Projects undertaken by NCEAS staff and collaborators address key challenges including:
- Storage and management of environmental data
- Discovery and preparation of data for further analysis and synthesis
- Advanced automated machine processing of information and models
- Making these capabilities available to practicing scientists
DataONE (Observation Network for Earth) is building cyberinfrastructure for open, persistent, robust, and secure access to well-described and easily discovered Earth observational data. Supported by the U.S. National Science Foundation, DataONE will ensure preservation and access to multi-scale, multi-discipline, and multi-national science data. DataONE will transcend domain boundaries and make biological data available from the genome to the ecosystem; make environmental data available from atmospheric, ecological, hydrological, and oceanographic sources; provide secure and long-term preservation and access; and engage scientists, land-managers, policy makers, students, educators, and the public. DataONE is a collaboration between NCEAS/UCSB , the University of New Mexico , the Oak Ridge National Laboratory , the California Digital Library , NESCent , and a number of other organizations . Funded in 2009 by the National Science Foundation  - OCI-0830944.
Semantic Tools for Ecological Data Management (Semtools) 

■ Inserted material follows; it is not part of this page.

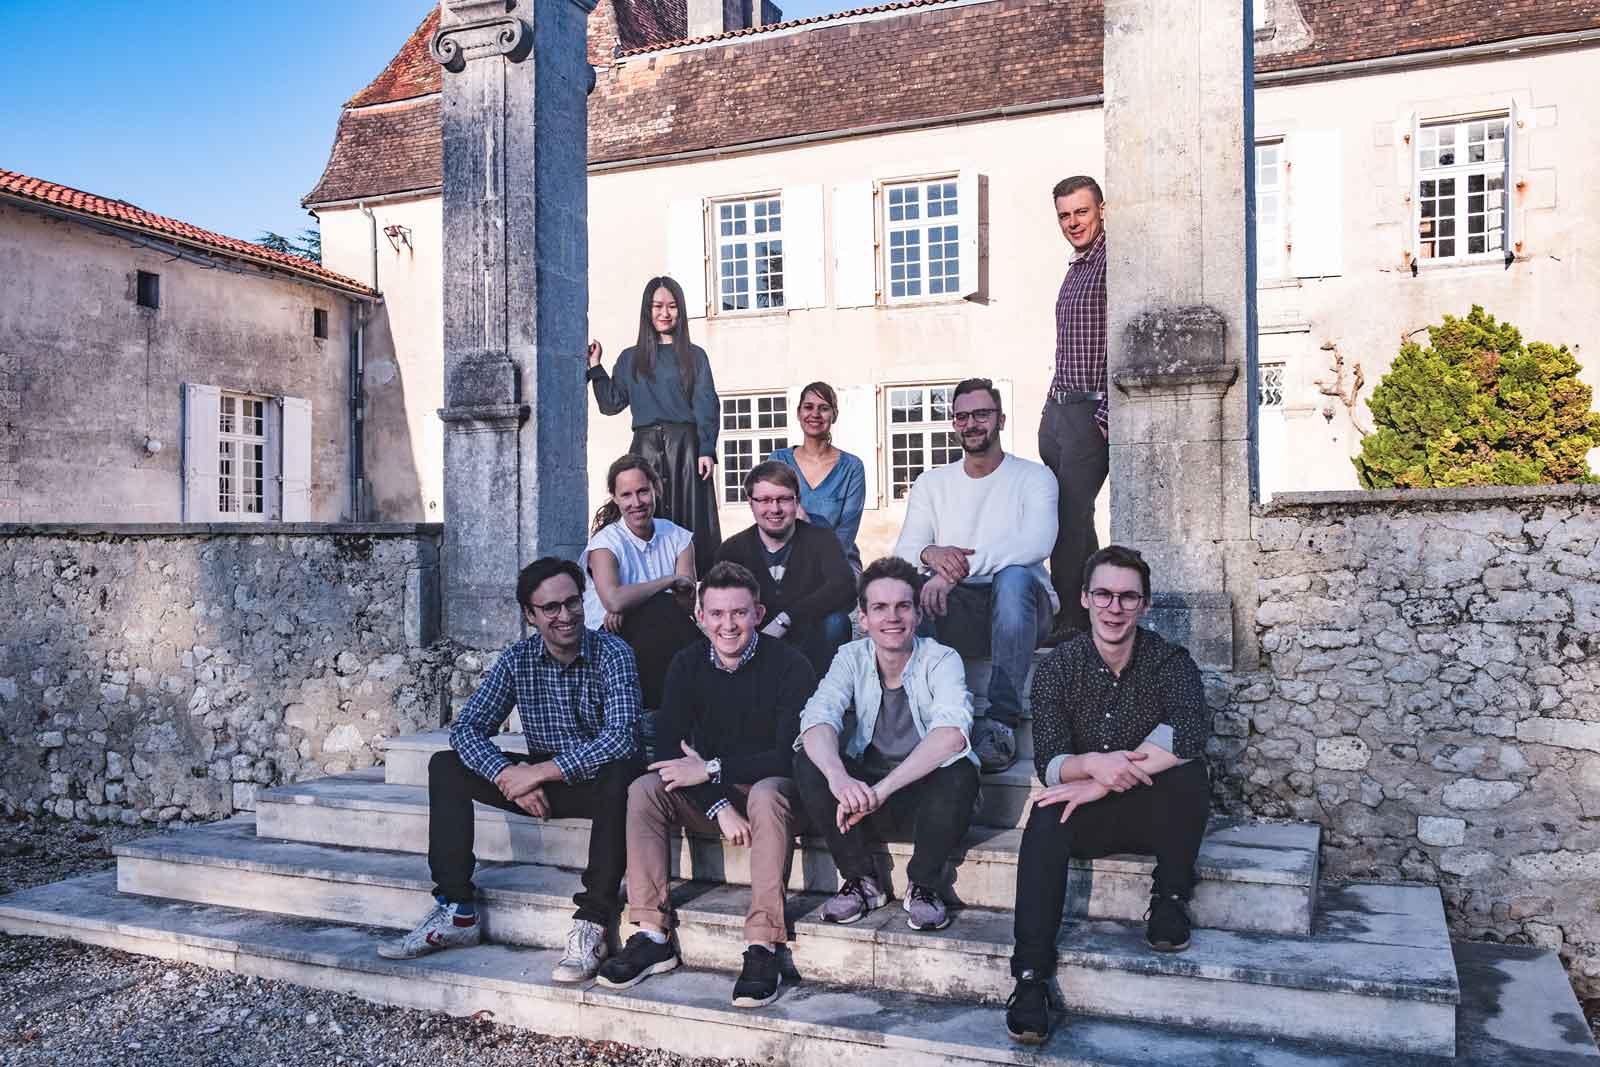 Cognac Expert - the team

The Semantic Tools for Data Management (Semtools) project is tackling critical issues in the management and use of heterogeneous scientific data. Existing approaches to managing data and associated metadata fail to adequately capture the semantics of the scientific process, thereby impeding the utility of those data for important scientific issues. Semtools will provide new capabilities for data access, discovery, integration, and visualization by developing software tools that utilize semantically annotated data and metadata. This project will create semantic enhancements to the EML  structured metadata format, the Morpho  metadata editing software, and the Metacat  metadata and data management system. Semtools is a collaboration between NCEAS , UC Davis , and the Santa Barbara Coastal LTER . Funded in 2008 by the National Science Foundation  - DBI-0743429.
Scientific Observations Network (SONet) 
Advances in environmental science increasingly depend on information from multiple disciplines to tackle broader and more complex questions about the natural world. Such advances, however, are hindered by data heterogeneity, which impedes the ability of researchers to discover, interpret, and integrate relevant data that have been collected by others. The Scientific Observations Network (SONet) will initiate a multi-disciplinary, community-driven effort to define and develop the necessary specifications and technologies to facilitate semantic interpretation and integration of observational data. The technological approaches will derive from recent advances in knowledge representation that have demonstrated great utility in enhancing scientific communication and data interoperability within the genomics community. This effort will constitute a community of experts consisting of environmental science researchers, computer scientists, and information managers, to develop open-source, standards-based approaches to the semantic modeling of observational data. Funded in 2008 by the National Science Foundation  - OCI-0753144.
Virtual Data Center (VDC) 
The scientific community needs reliable infrastructure that enables open, stable, persistent, robust, and secure access to well-described and logically organized biodiversity, ecological and environmental data. What is needed is a virtual distributed network of data centers that seamlessly supports discovery and user-friendly access to a broad array of data, metadata, and other digital products that are archived securely and permanently in multiple locations. Under this proposal we will design a Virtual Data Center (VDC) for biodiversity, ecological and environmental data—all founded on open standards and protocols for interoperability among existing and new data centers. The VDC project is a collaboration among the Long Term Ecological Research Network Office , NCEAS , the National Evolutionary Synthesis Center , the National Biological Information Infrastructure , Oak Ridge National Laboratory , and the University of Kansas Biodiversity Research Center . Funded in 2008 by the National Science Foundation  - OCI-0753138.
Kepler:  The Kepler Project's overall goal is to produce an open-source scientific workflow system that allows scientists to design scientific workflows and execute them efficiently using emerging Grid-based approaches to distributed computation. Kepler work at NCEAS was originally funded as part of the Science Environment for Ecological Knowledge (SEEK) . The transition from a research prototype to reliable software system has been funded under the Kepler/CORE project , a multi-institutional collaboration with UC Davis, NCEAS, and UC San Diego. The Kepler project has grown to become a cross-project collaboration with contributing members from Kepler/CORE , SEEK , SDM Center  , Ptolemy , GEON , and many others. Funded, in part, in 2002 by the National Science Foundation - Information Technology Research Program DBI-0225676 and in 2007 by the National Science Foundation - Office of Cyberinfrastructure OCI-0722079.
Knowledge Network for Biocomplexity (KNB) 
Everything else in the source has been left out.